When you define the STRICT symbol, you enable features that require more care in declaring and using types. This helps you write more portable code. This extra care will also reduce your debugging time. Enabling STRICT redefines certain data types so that the compiler does not permit assignment from one type to another without an explicit cast. This is especially helpful with Windows code. Errors in passing data types are reported at compile time instead of causing fatal errors at run time.

With Visual C++, STRICT type checking is defined by default.

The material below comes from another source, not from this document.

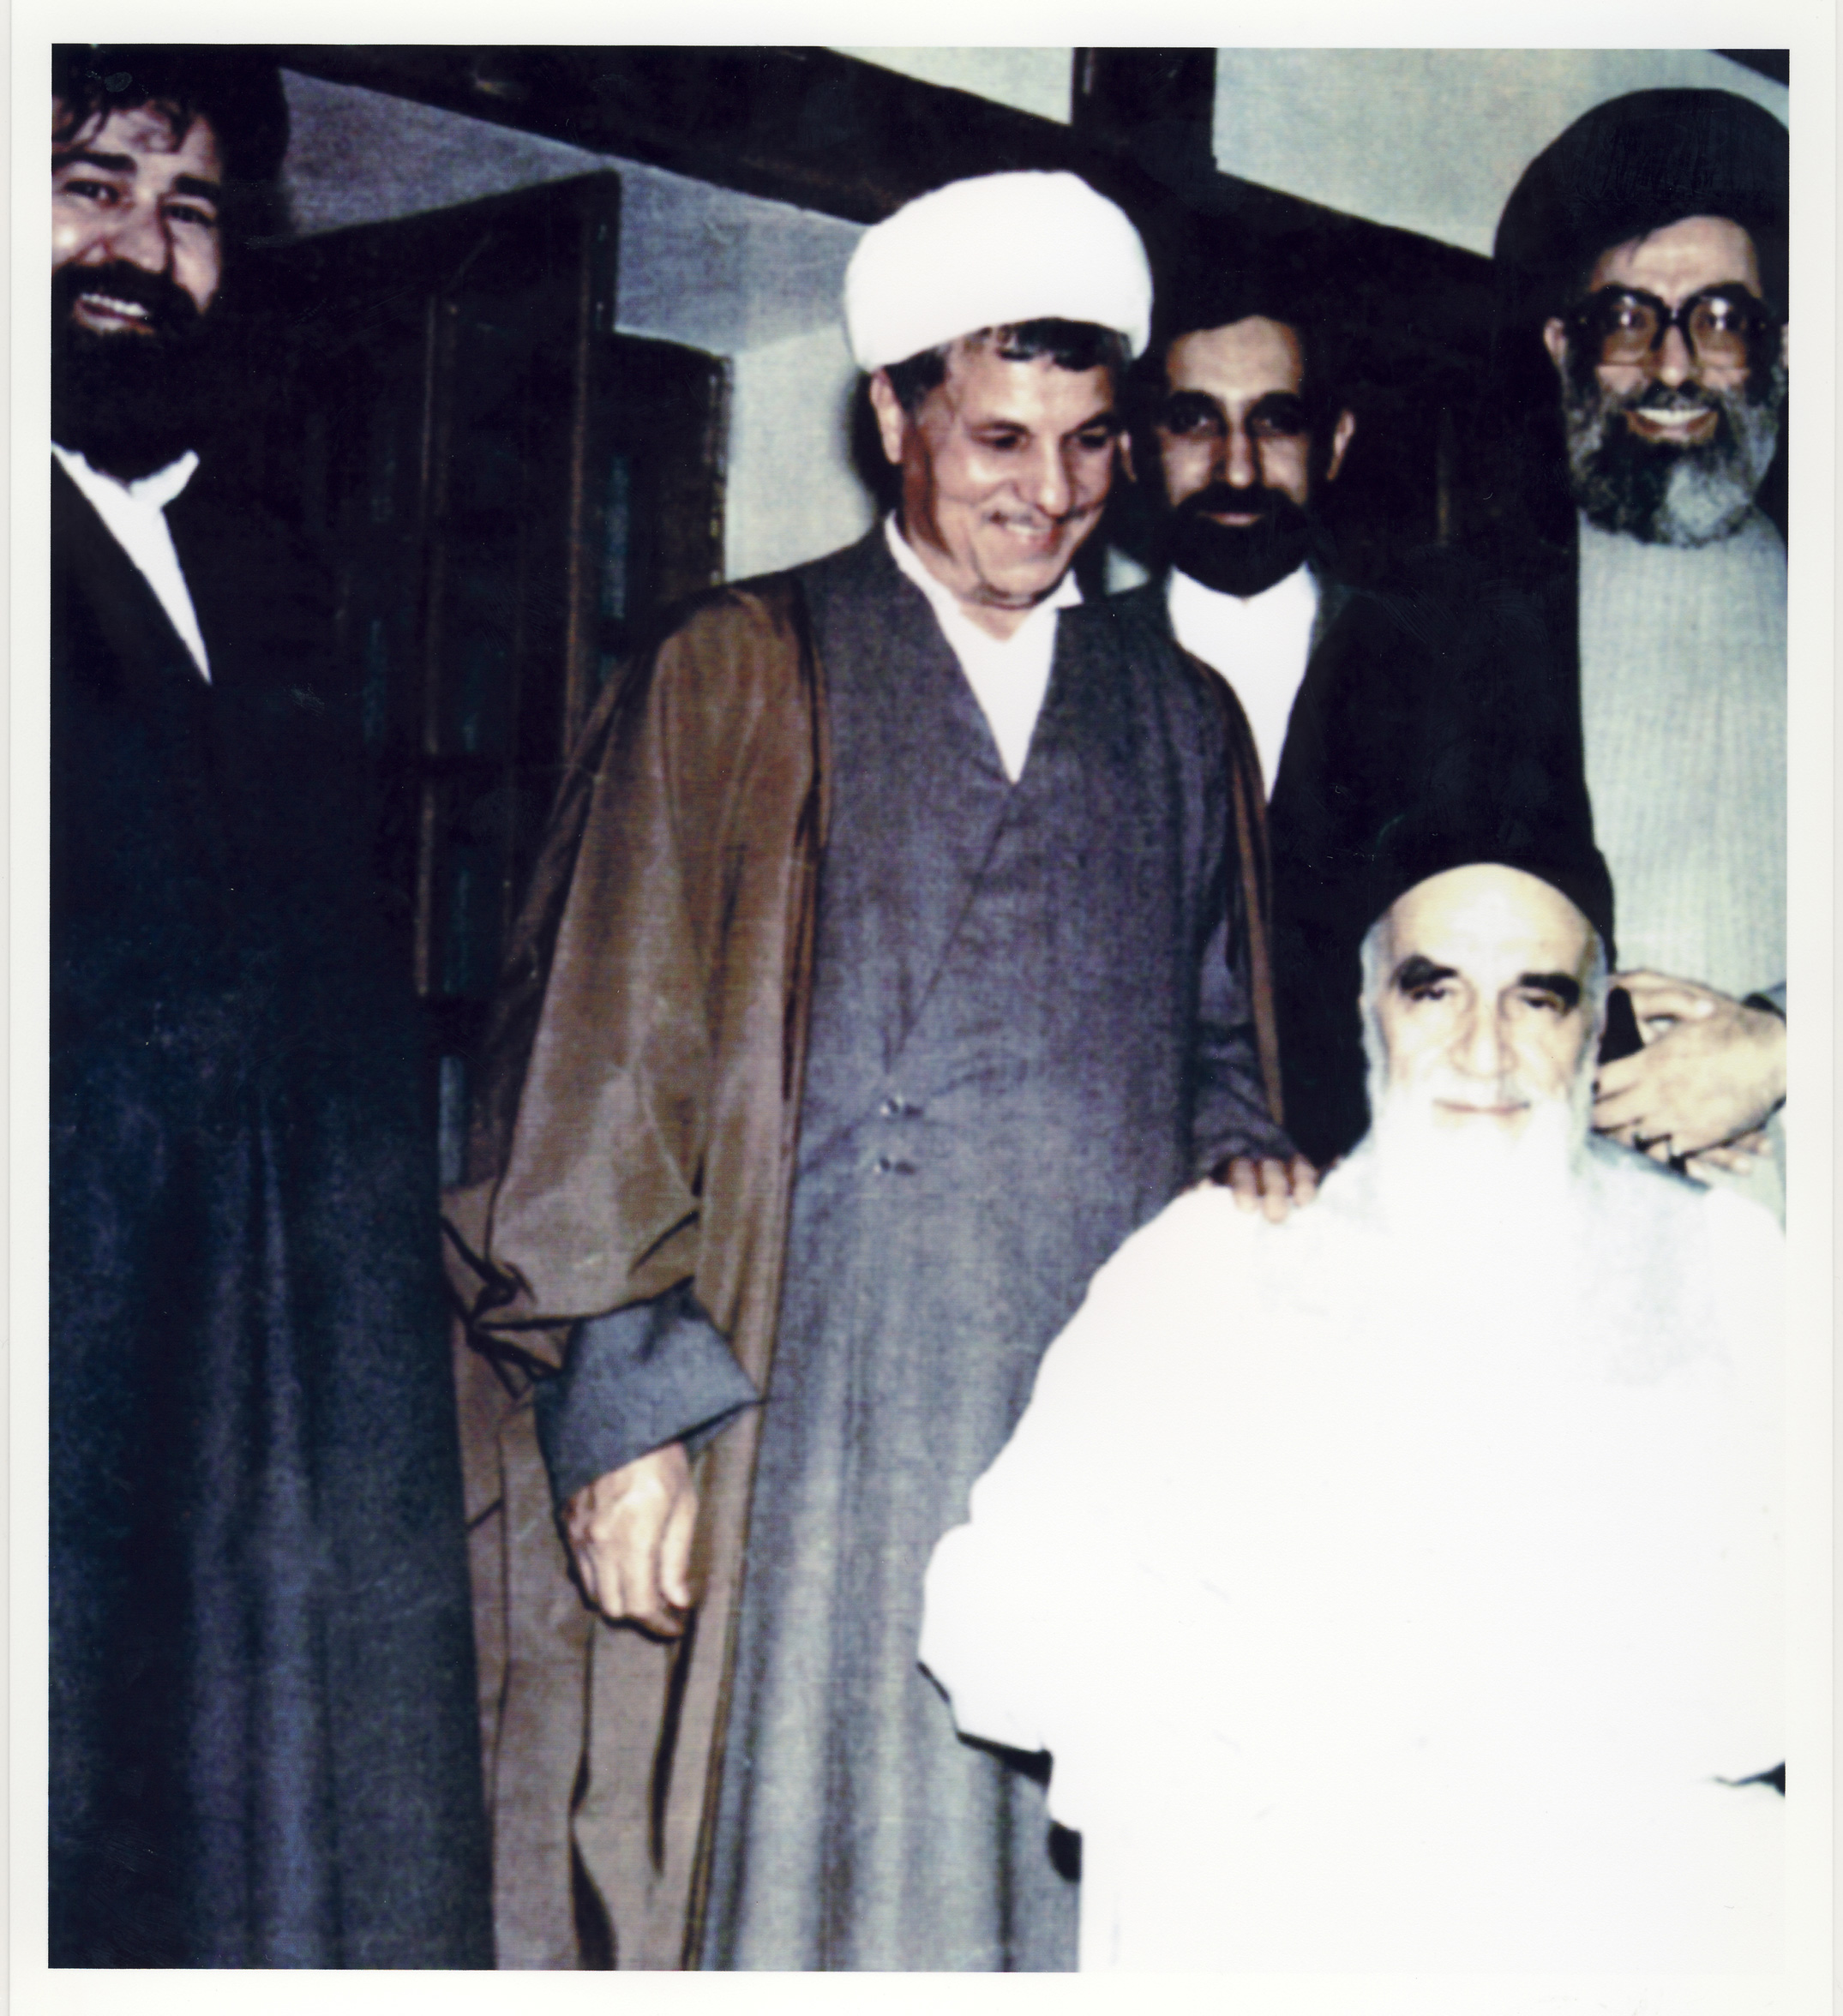 درخواست امام از ملت ایران بعد از عمل جراحی: دعا کنید خداوند مرا بپذیرد

To define STRICT on a file-by-file basis, insert a #define statement before including Windows.h:

#define STRICT
#include <windows.h>

When STRICT is defined, data type definitions change as follows:

  • Specific handle types are defined to be mutually exclusive; for example, you will not be able to pass an HWND where an HDC type argument is required. Without STRICT, all handles are defined as HANDLE, so the compiler does not prevent you from using one type of handle where another type is expected.
  • All callback function types (such as dialog procedures, window procedures, and hook procedures) are defined with full prototypes. This prevents you from declaring callback functions with incorrect parameter lists.
  • Parameter and return value types that should use a generic pointer are declared correctly as LPVOID instead of as LPSTR or another pointer type.
  • The COMSTAT structure is declared according to the ANSI standard.